Without the pictures, can you quote each line below exactly?

_Data block_:
****************************************
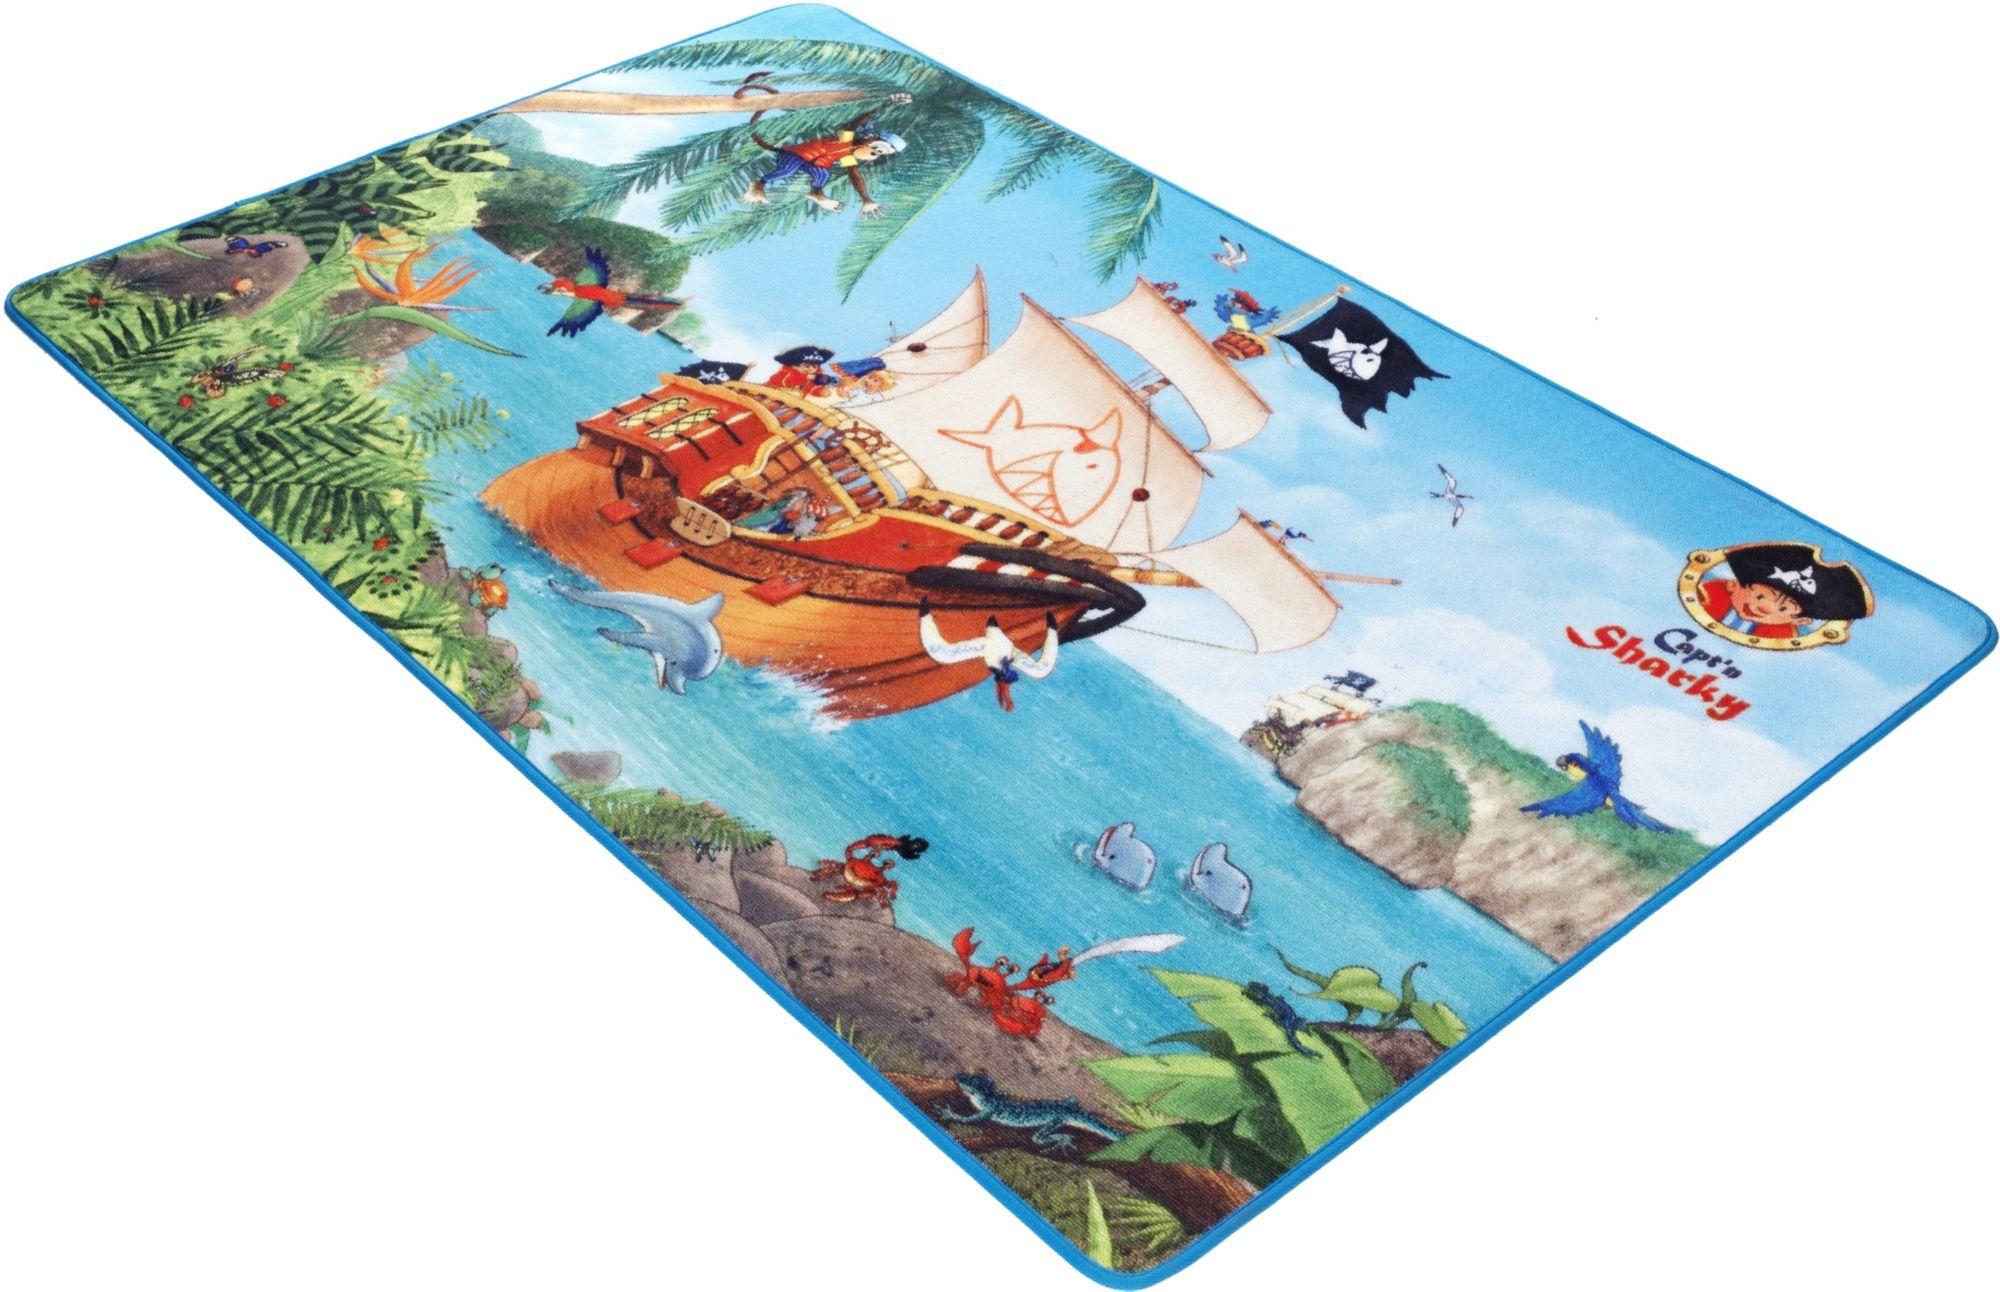 CAPTN SHARKY Kinder-Teppich, Capt'n Sharky, »SH-301«
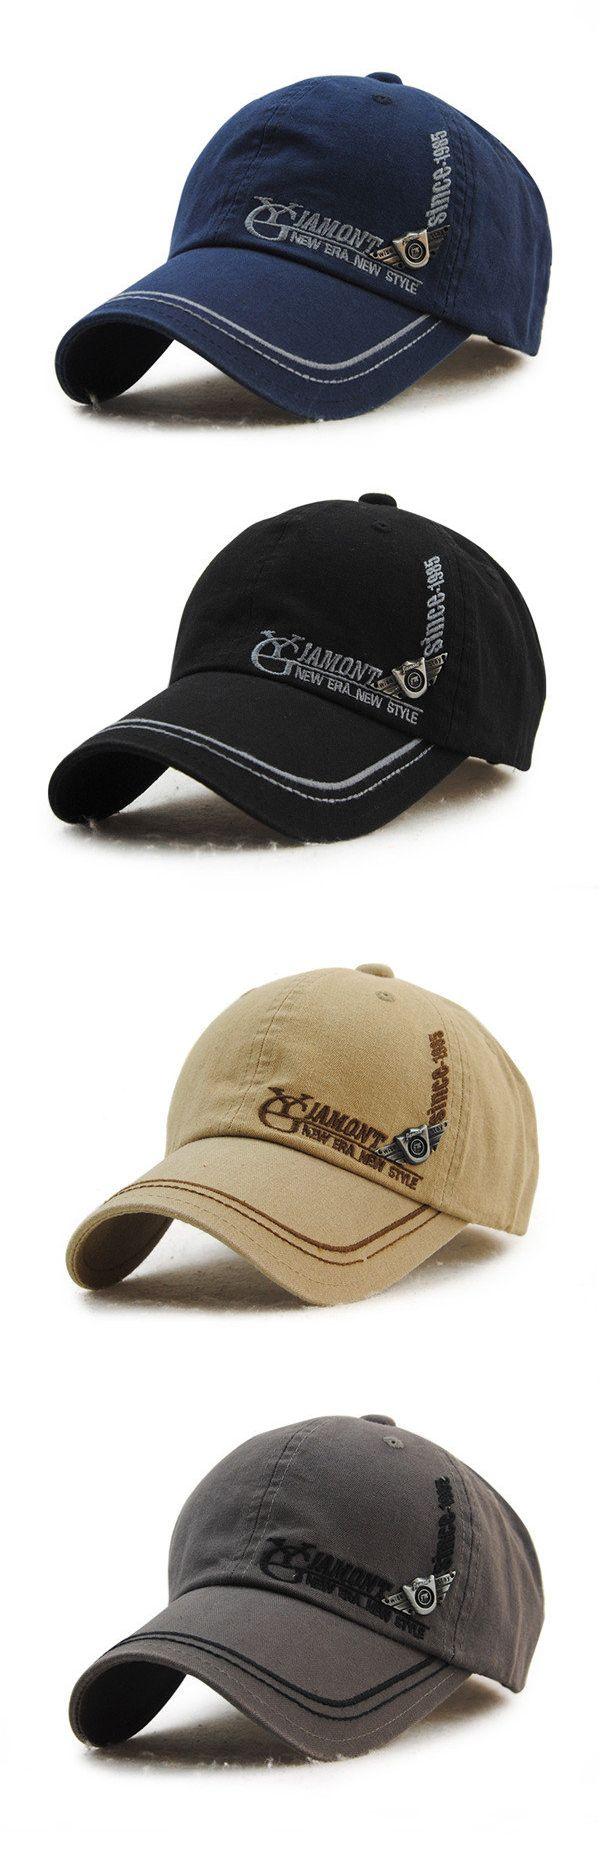 #Letter Baseball Cap #Leisure Outdoor Golf Snapback Hat
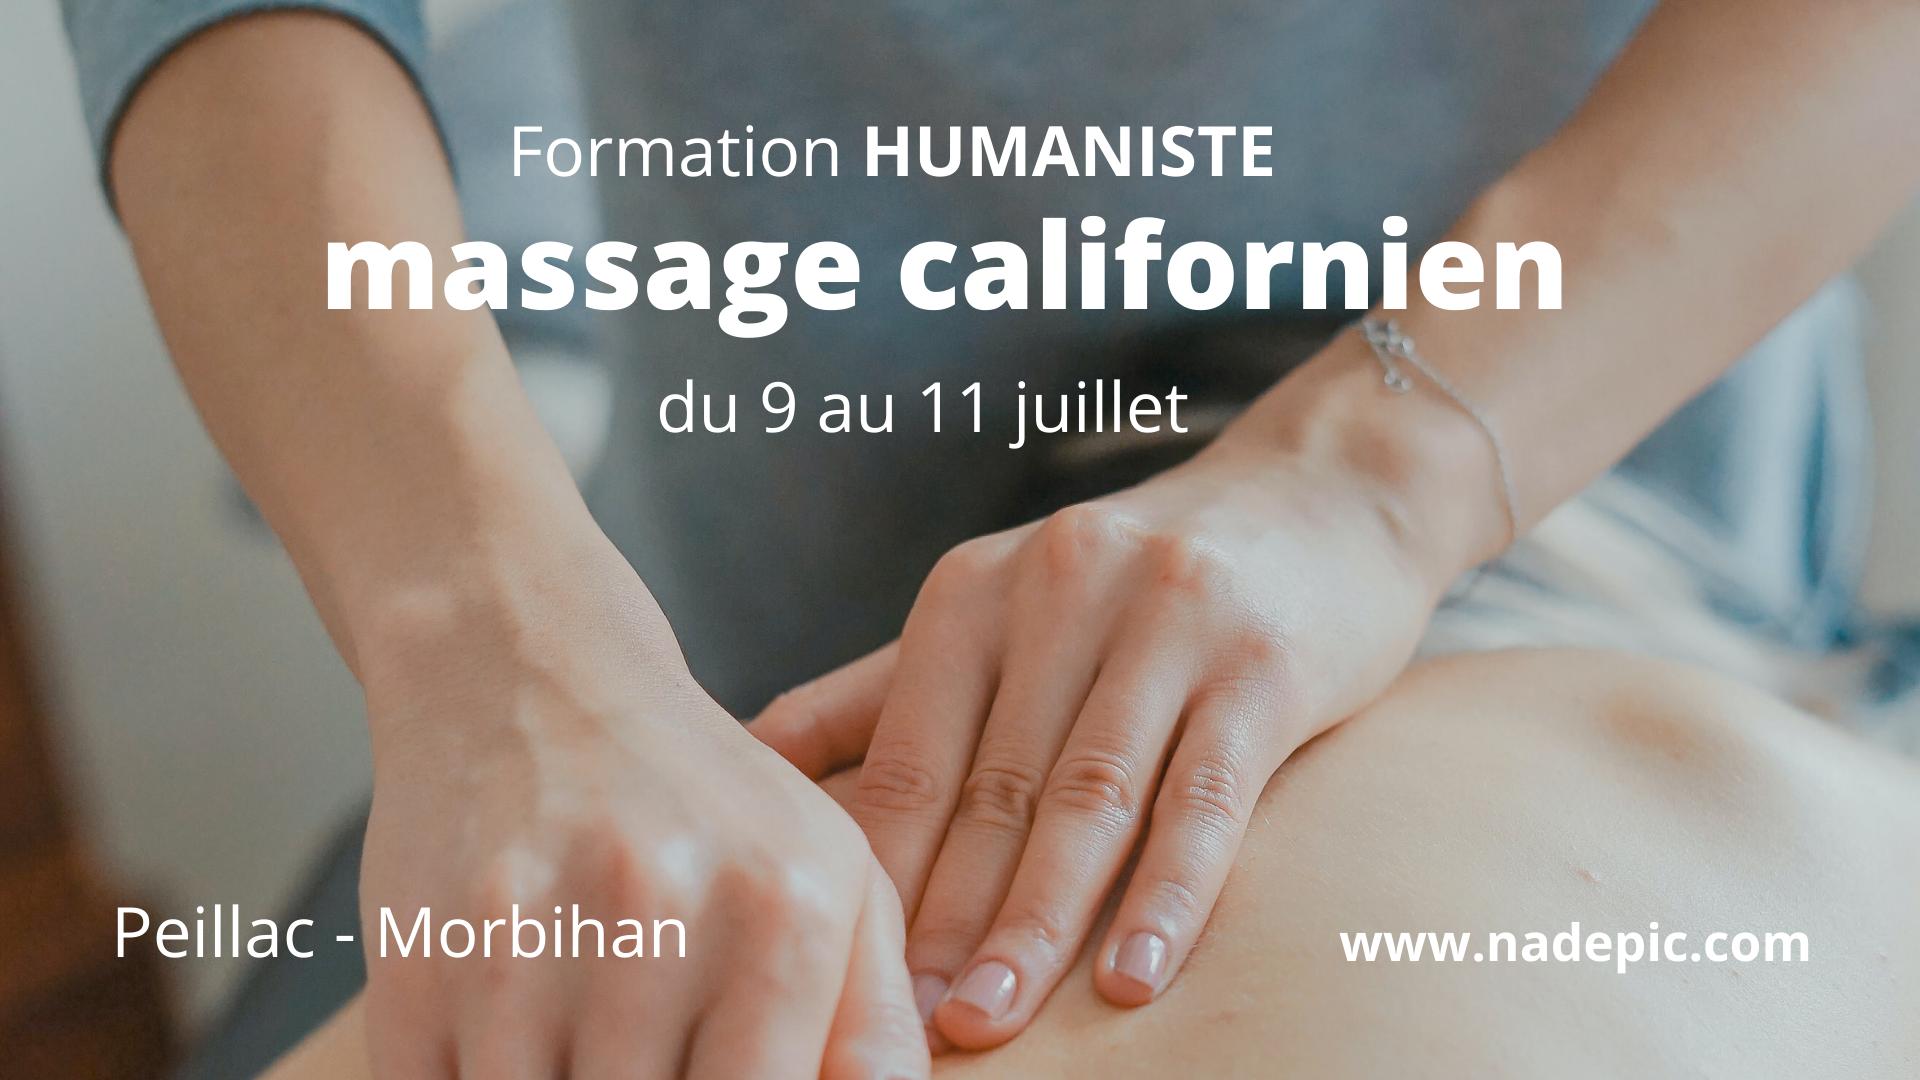 Formation massage bien-être humaniste californien – Morbihan
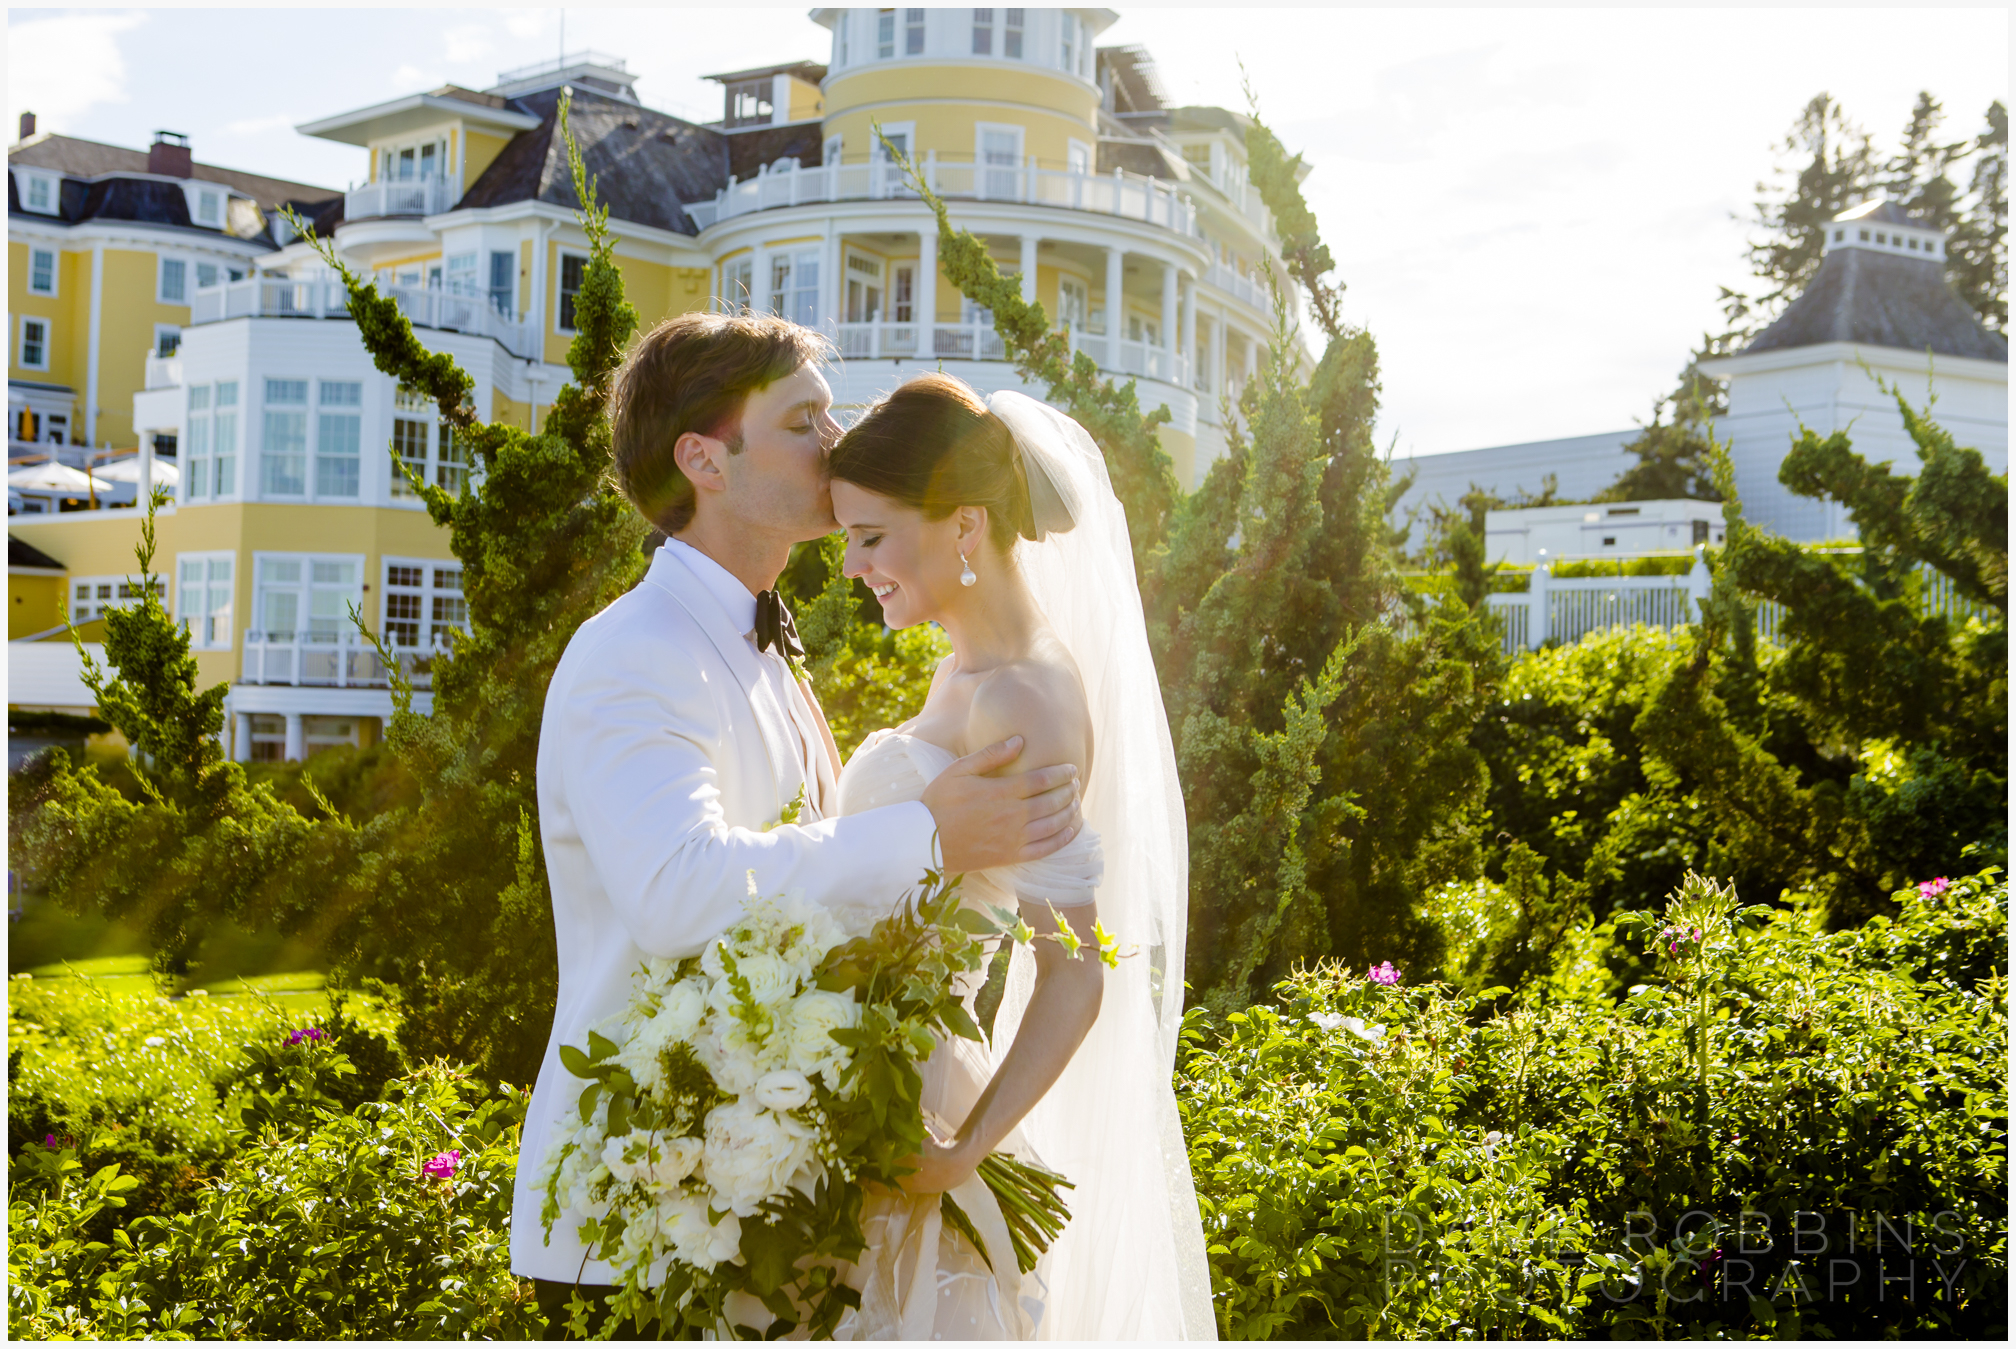 THE OCEAN HOUSE WEDDING 0050.JPG
****************************************
_Solved problem_:
 CAPTN SHARKY Kinder-Teppich, Capt'n Sharky, »SH-301«
 #Letter Baseball Cap #Leisure Outdoor Golf Snapback Hat
 Formation massage bien-être humaniste californien – Morbihan
 THE OCEAN HOUSE WEDDING 0050.JPG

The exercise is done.